I do not share Oscar's opinion that
apart from mode() the implementation of each function on map-format data will be completely different from the iterable version so you'd want to have it as a separate function at least internally anyway.
Consider _sum's current code (docstring omitted for brevity): def _sum(data, start=0): n, d = _exact_ratio(start) T = type(start) partials = {d: n} # map {denominator: sum of numerators} # Micro-optimizations. coerce_types = _coerce_types exact_ratio = _exact_ratio partials_get = partials.get # Add numerators for each denominator, and track the "current" type. for x in data: T = _coerce_types(T, type(x)) n, d = exact_ratio(x) partials[d] = partials_get(d, 0) + n if None in partials: assert issubclass(T, (float, Decimal)) assert not math.isfinite(partials[None]) return T(partials[None]) total = Fraction() for d, n in sorted(partials.items()): total += Fraction(n, d) if issubclass(T, int): assert total.denominator == 1 return T(total.numerator) if issubclass(T, Decimal): return T(total.numerator)/total.denominator return T(total)
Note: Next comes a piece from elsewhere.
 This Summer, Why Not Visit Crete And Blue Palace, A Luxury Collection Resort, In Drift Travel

all you'd have to do to treat mappings as proposed here is to add a check whether we are dealing with a mapping, then in this case, instead of the for loop:
for x in data:
T = _coerce_types(T, type(x))
n, d = exact_ratio(x)
partials[d] = partials_get(d, 0) + n
use this:
for x,m in data.items():
T = _coerce_types(T, type(x))
n, d = exact_ratio(x)
partials[d] = partials_get(d, 0) + n*m
and no other changes (though I haven't tested this carefully).
Wolfgang
Well, I was thinking about frequencies (ints) when suggesting
for x,m in data.items():
T = _coerce_types(T, type(x))
n, d = exact_ratio(x)
partials[d] = partials_get(d, 0) + n*m
in my previous message. To support weights (float or Rational) this would have to be more sophisticated.
Wolfgang
in my previous message. To support weights (float or Rational) this would have to be more sophisticated.
I guess you'd do:
for x,w in data.items():
T = _coerce_types(T, type(x))
xn, xd = exact_ratio(x)
wn, wd = exact_ratio(w)
partials[d] = partials_get(xd * wd, 0) + xn * wn
Variance is only slightly trickier. Median would be more complicated.
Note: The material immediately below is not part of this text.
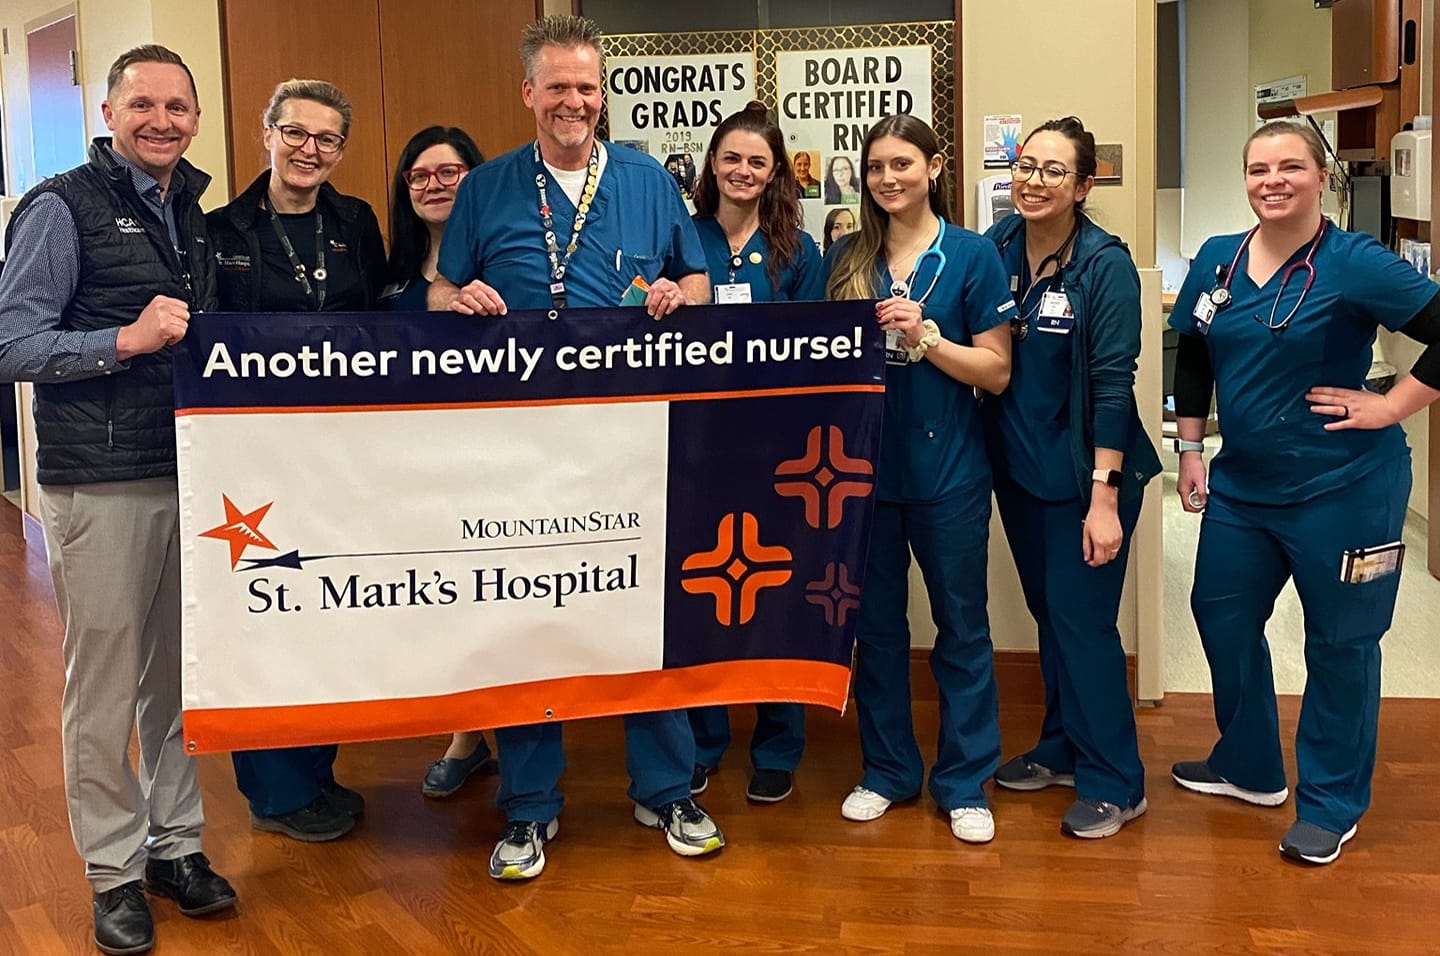 A group of nurses at St. Mark's Hospital hold a sign celebrating a newly certified nurse

I just think that I prefer to know when I look at code that something is being treated as a mapping or as an iterable. So when I look at
d = f(x, y, z)
v = variance_map(d)
It's immediately obvious what d is and how the function variance_map is using it.
As well as the benefit of readability there's also the fact that accepting different kinds of input puts strain on any attempt to modify your code in the future. Auditing the code requires understanding at all times that the name "data" is bound to a quantum superposition of different types of object.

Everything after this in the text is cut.